Slipping back into a well-worn routine, I made my own enquiries. Andrew George had been born in Shrewsbury, the middle of three brothers. Aged two, four and five when their parents had abandoned them, they had grown up in local authority homes or with foster families.
A Shropshire journalist sent me details of all George’s court appearances until his last offence in 1997. Involved in a few minor burglaries, drunken fighting after football matches, and possession of drugs or stolen goods, he had been quickly caught each time and admitted his guilt. He had never been imprisoned. Nonetheless, with George’s semen found on the underslip on Hilda’s body and his fingerprints in her house, his chances of proving his innocence looked poor. Yet his description bore no resemblance to the driver of Hilda’s car.

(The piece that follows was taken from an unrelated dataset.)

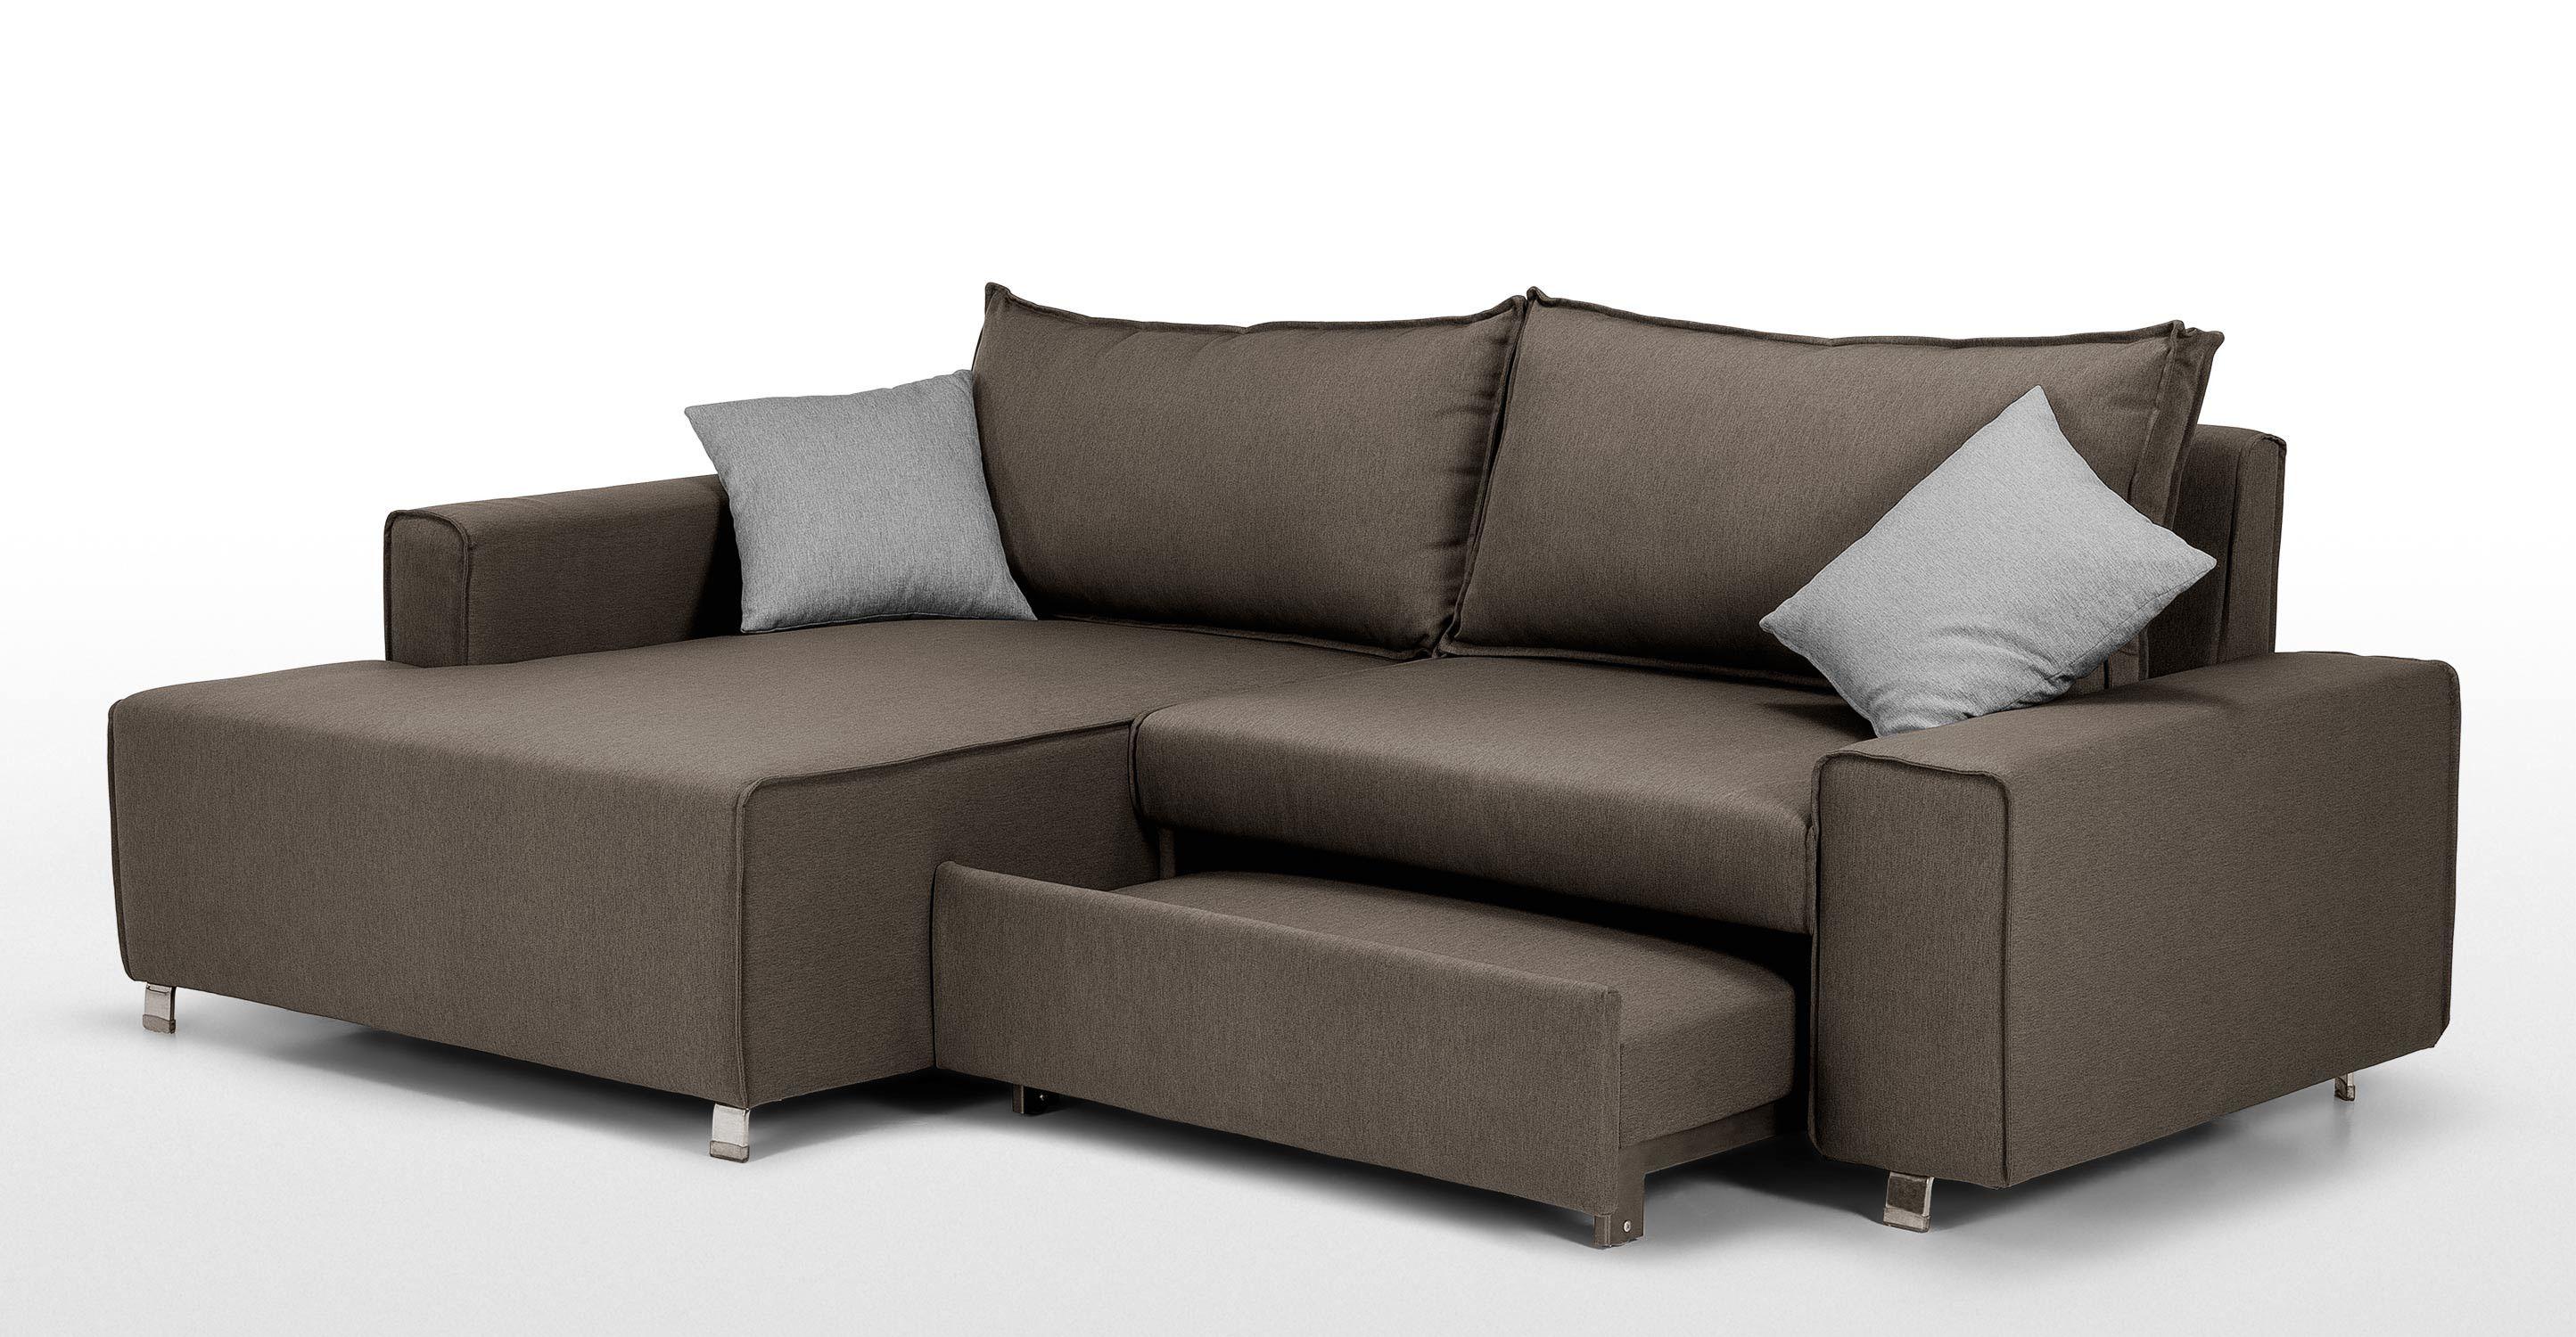 Prezzo € 649 Divano angolare con ola contenitore sinistra o destra e letto estraibile Dimensioni L 244 P 172 H 91 Interior design
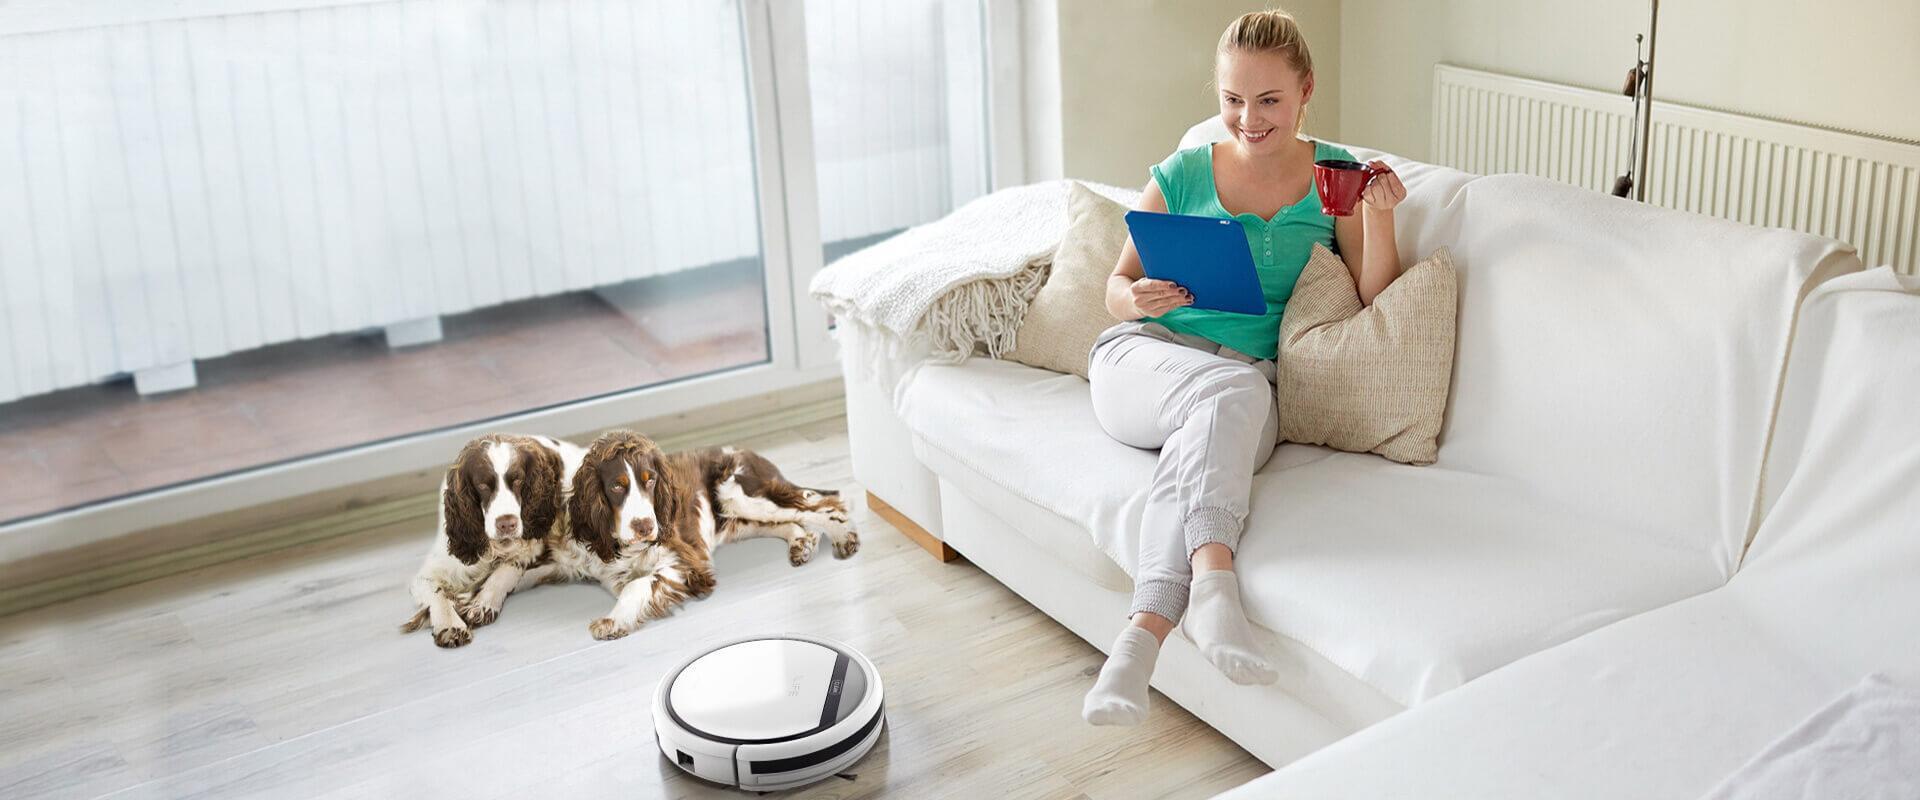 ilife robot aspirador mujer en sofa con mascotas

During a visit to the cold case review team in Stourport on Severn police station in September 2002, Kate took the opportunity to challenge an unsuspecting detective about how George’s semen could have been aspermic, and how it was such a small sample. Having discussed the matter with her father, a veterinary surgeon, before leaving New Zealand, she established that it could only be through one of four options: infertility, vasectomy, seminal fluid from arousal but not ejaculation, and extraction of seminal fluid by finger pressure on the prostate up the anus. When confronted with these options, the detective’s rather embarrassed response was that George had refused to have his semen tested to see if he was infertile. He was extremely unlikely to have had a vasectomy at the age of 16.